2020
2020
INTRODUCTION
I spent hours watching insects.
When time was not an issue, when I had all the time in the world.
Beetles on the sand at the beach leaving their footprints.
Dragonflies hovering around the fountain at the school.
Caterpillars at the back of the leaves creating their cocoons.
Grasshoppers in the garden jumping around.
Butterflies expressing their beauty at my grandma’s courtyard, (the wasps being a bit scary, I would watch them from the distance)

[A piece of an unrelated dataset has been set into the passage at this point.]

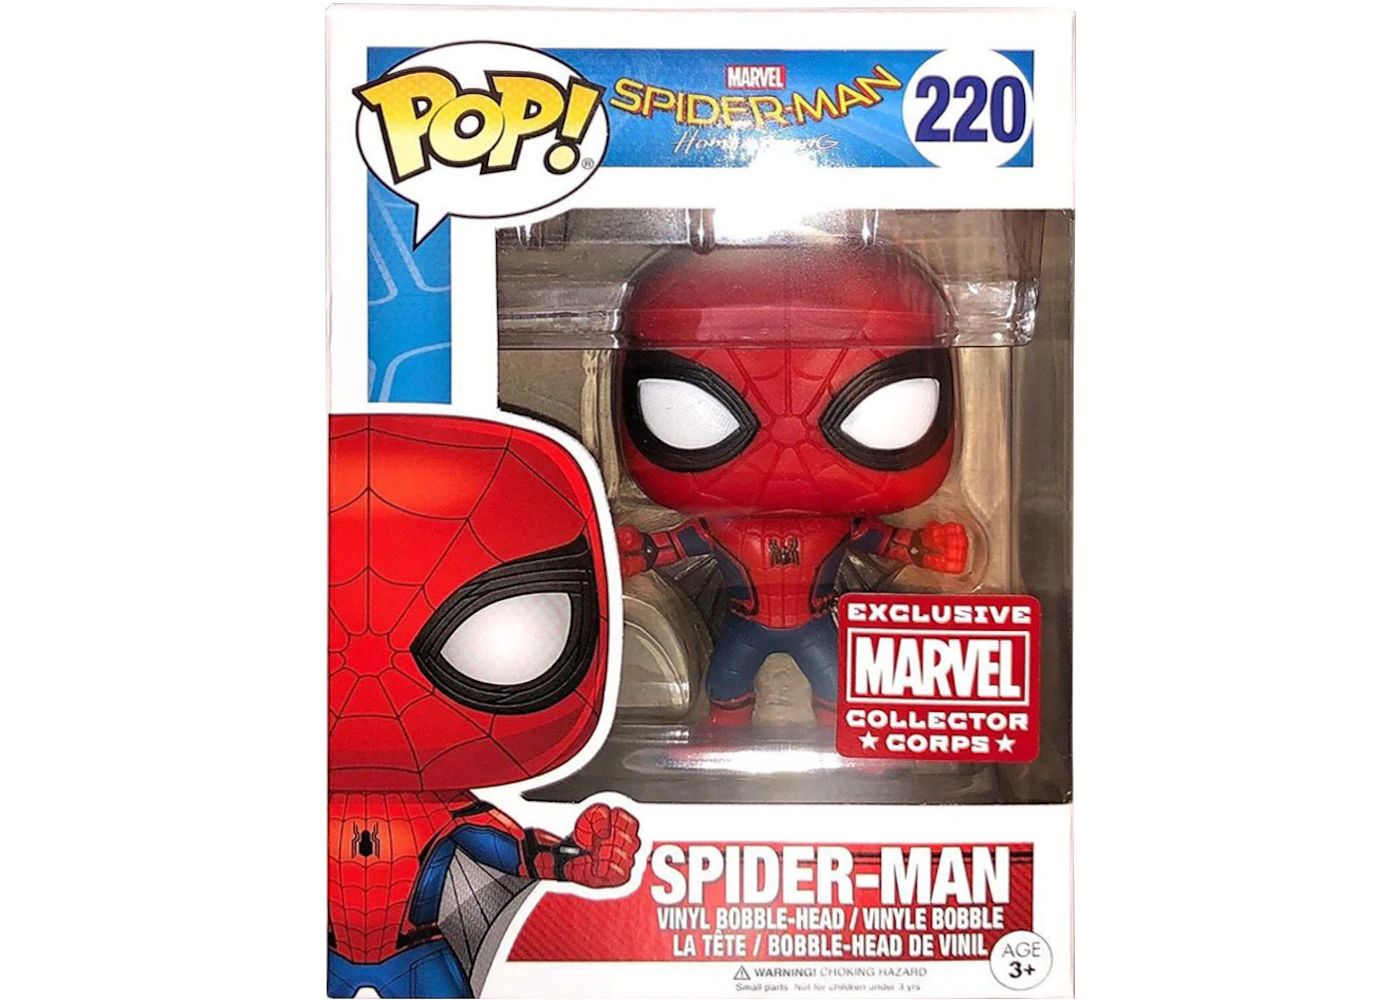 Pop! Marvel Spider-Man Homecoming Spider-Man Collectors Corp Exclusive Bobble-Head Figure #220 - US

My favourite: the honeybee.
I was fascinated. I mean, who wouldn’t? They make honey! Humming and buzzing, communicating in that hypnotic language. Their curiosity, their heart, their confusion, their clarity. The honeybees’ elaborated, detailed, close to magic, yet simple organisation, or should I say organism, always made me wonder about cycles, purpose and systems. Such small, social, hairy, noisy and nosey creatures have the capacity to turn the harmony of the world upside down if we don’t care for them. How can that be even possible? I mean, it is not just the bees, right? There is just one way, for that to be true. Everything, EVERY SINGLE THING must be connected. And If everything is connected, the way we tell stories, in every media we possibly choose, is connected too! Could be possible to tell stories that preserve the harmony of this system we called earth/universe?
Three women, three generations, three artists telling stories of care in three different media, connected to each other, connected to the past, the present and the future, connected, as Peta explains, through colour, patterns and texture... The relationship, the container, a “Proportio Divina” which put them together: The Golden Ratio.
Inma J. Lopez 2020
The initial idea for this exhibition “The Golden Ratio’ took form during my final year of study at Grays School of Art, Aberdeen. One of our main assignments at the end of our studies was the much-dreaded academic dissertation. Obviously, my topic was going to be about bees, I undertook the research for this task with much enthusiasm. One of my main interviewees was Michael Joshin Thiele, a German apiculturist. We exchanged a WhatsApp conversation between his home in California and my shared student flat in Aberdeen. From this conversation I had an image instilled in my mind – bees with frost-bitten toes. Around this time my mum sent me a photo of a new project she was working on; a knitted quilt constructed from very small padded hexagons. The wool was left over sock wool from various socks supplied to me, my daughter and several friends over many years.